> TRY IT
Repeat the lines from the one containing "Suite of ten" through the end of the listing exactly, both ends included. Do not carry over any pictures.

===== AVAILABLE DATA

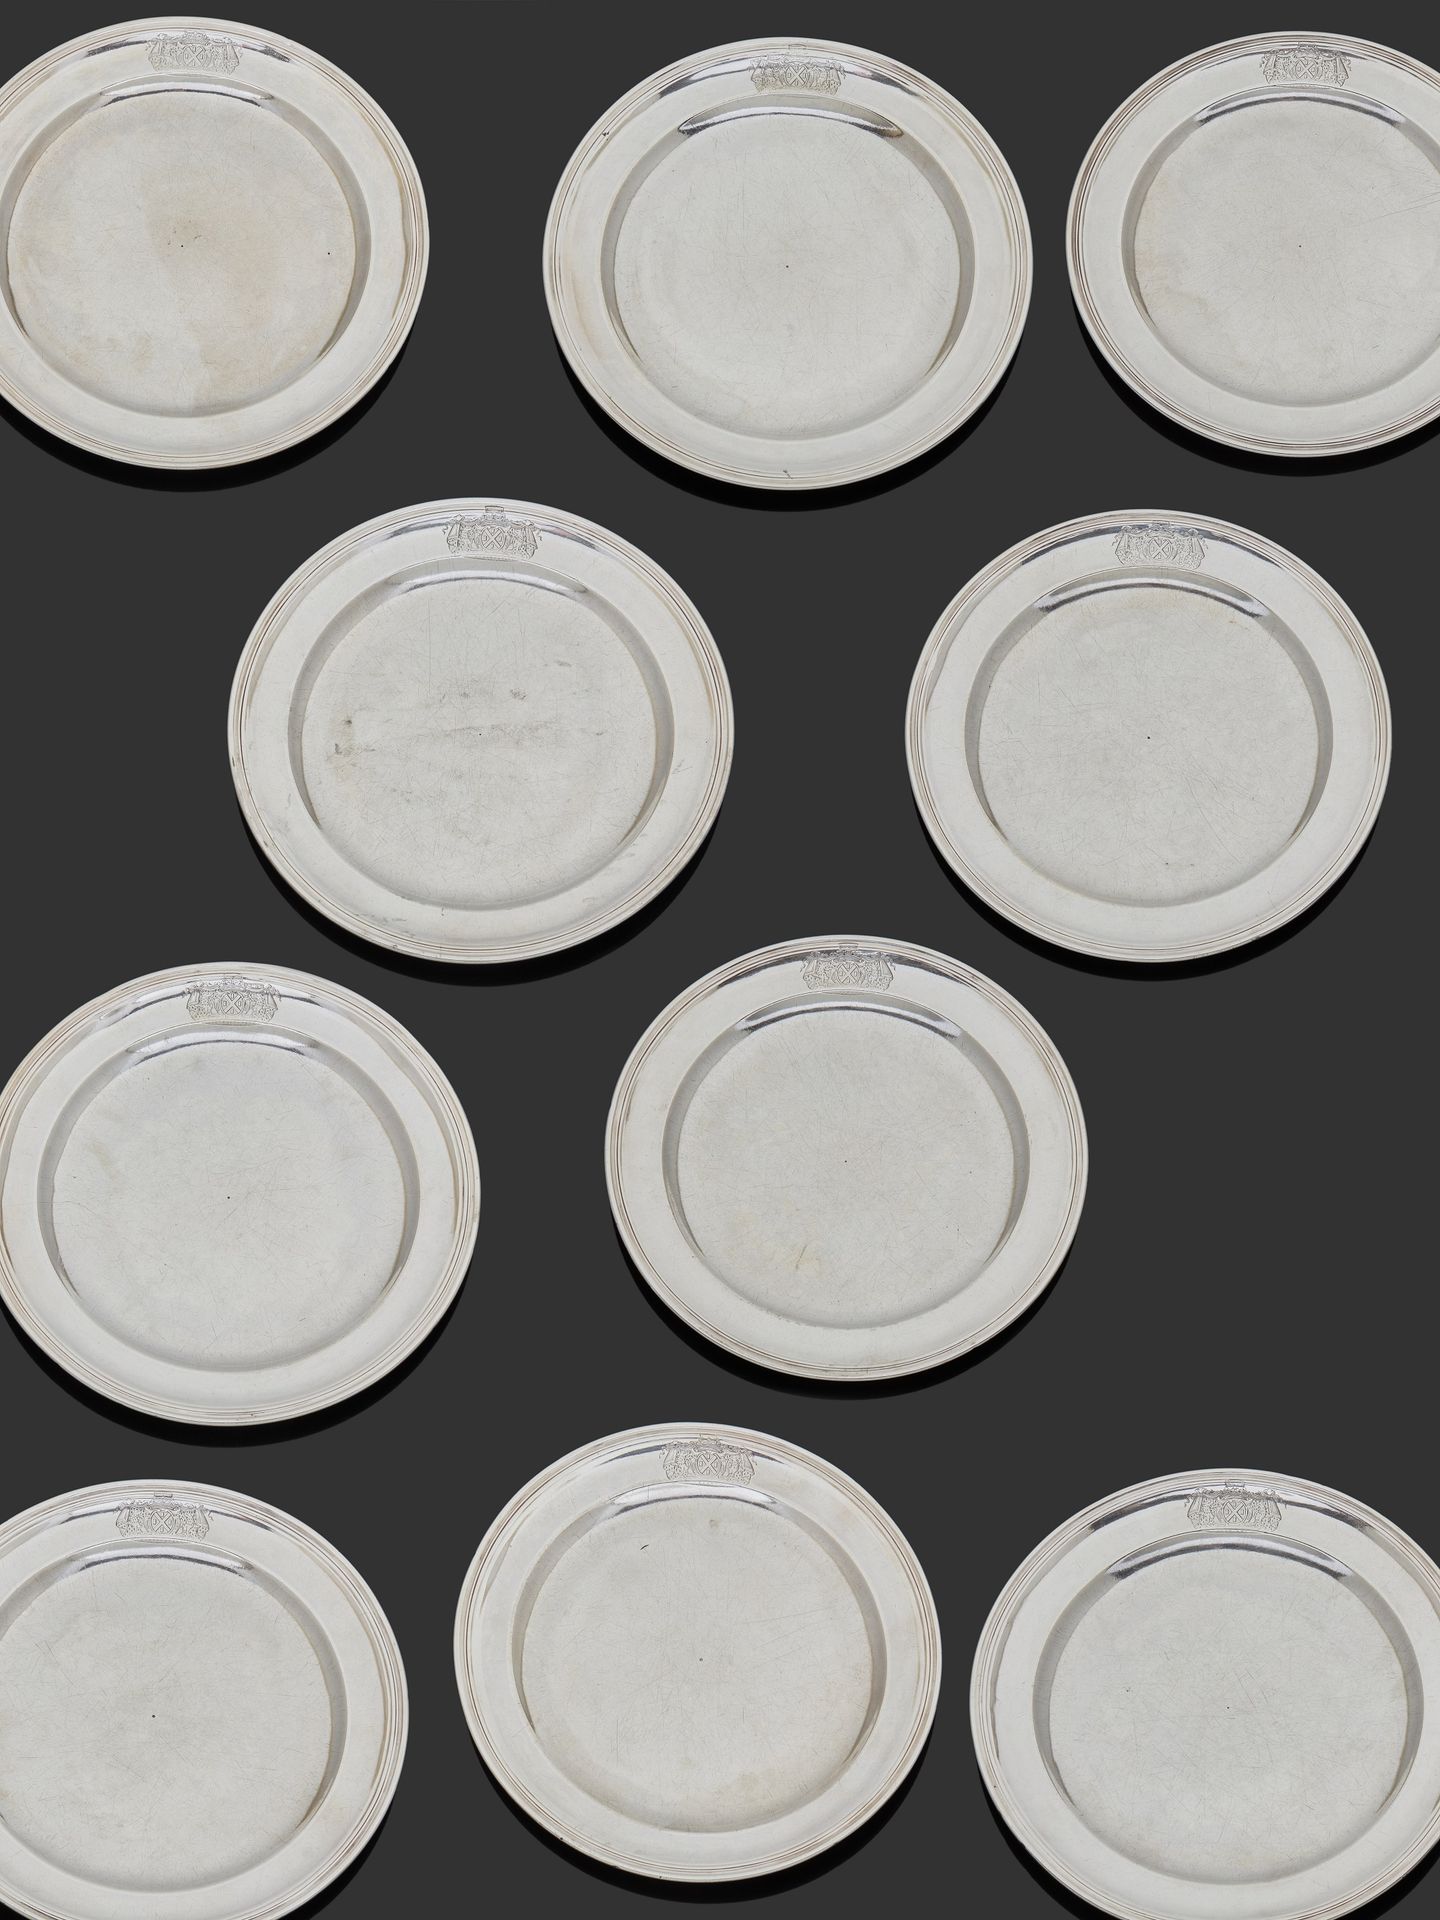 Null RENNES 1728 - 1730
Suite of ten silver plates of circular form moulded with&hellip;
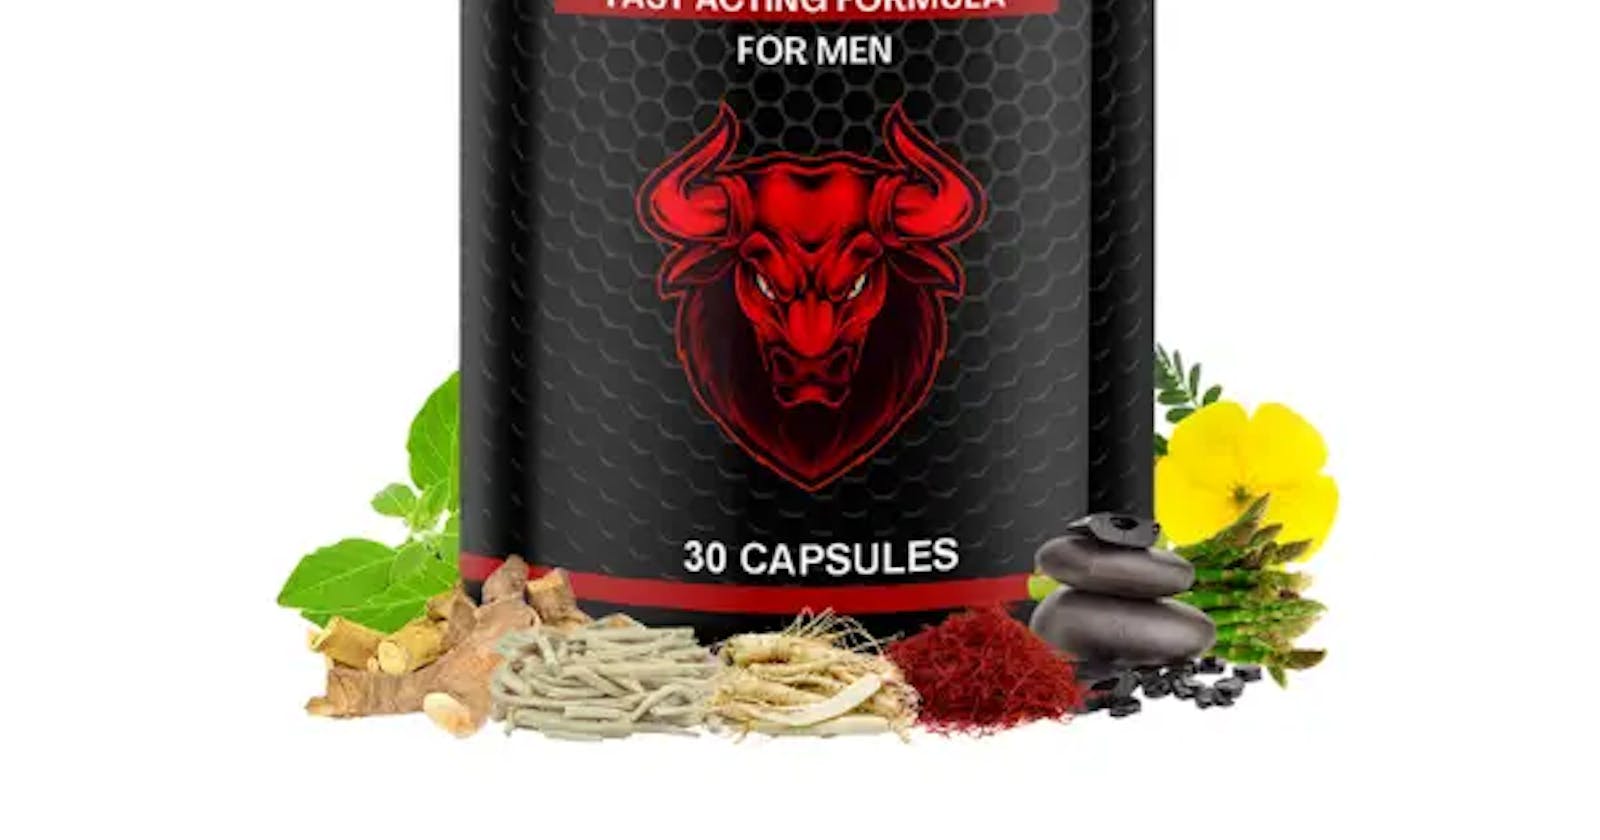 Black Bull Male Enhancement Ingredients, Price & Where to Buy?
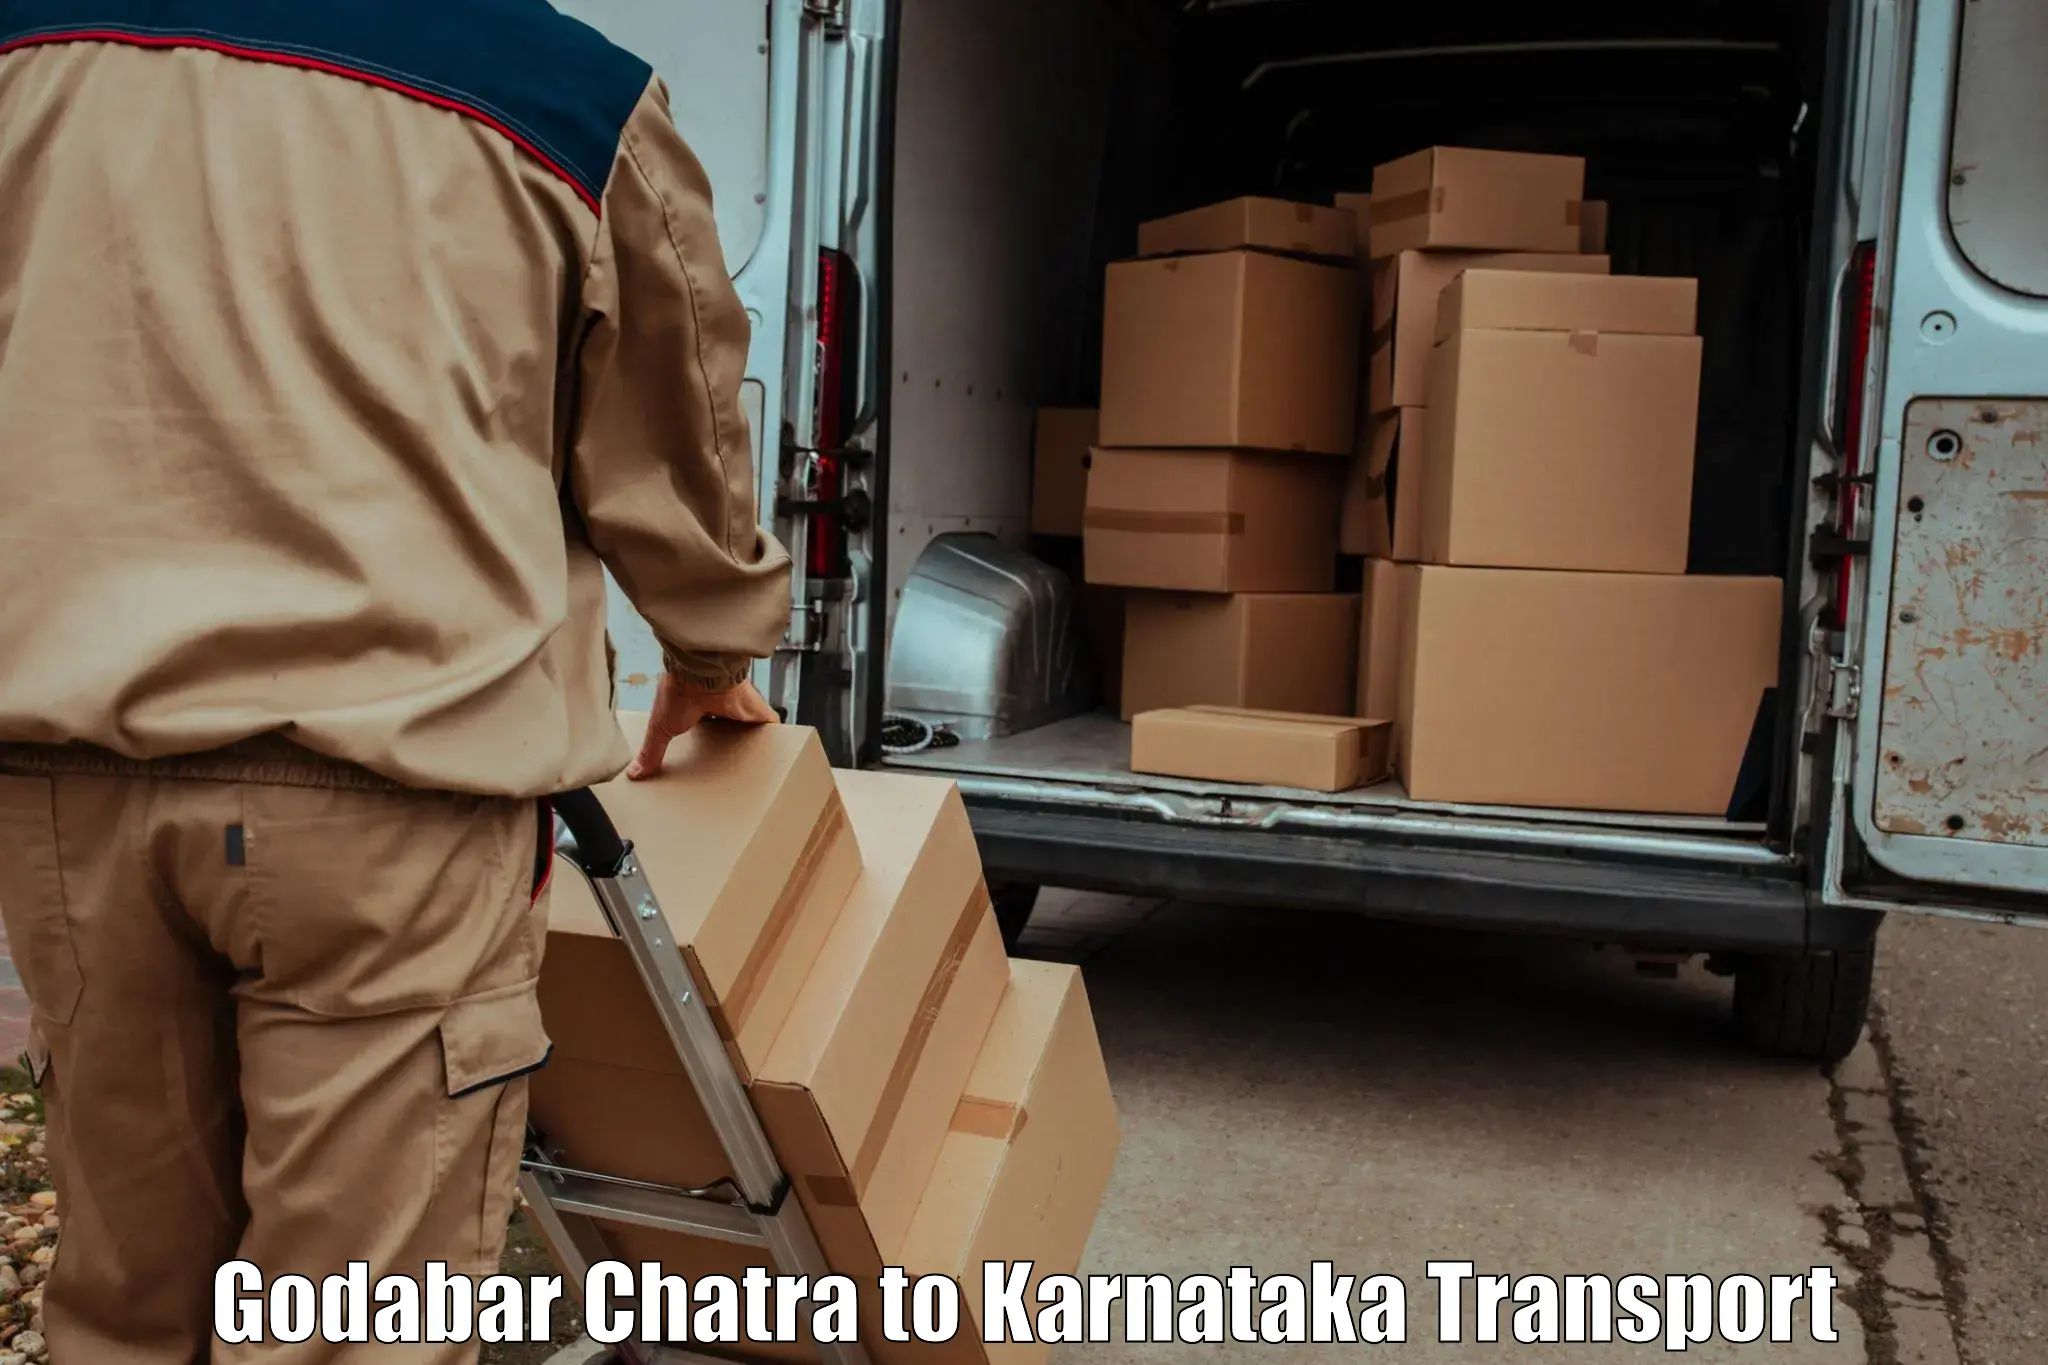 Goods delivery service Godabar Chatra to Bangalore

==========

> TASK ANSWER
Suite of ten silver plates of circular form moulded with&hellip;
 Black Bull Male Enhancement Ingredients, Price & Where to Buy?
 Goods delivery service Godabar Chatra to Bangalore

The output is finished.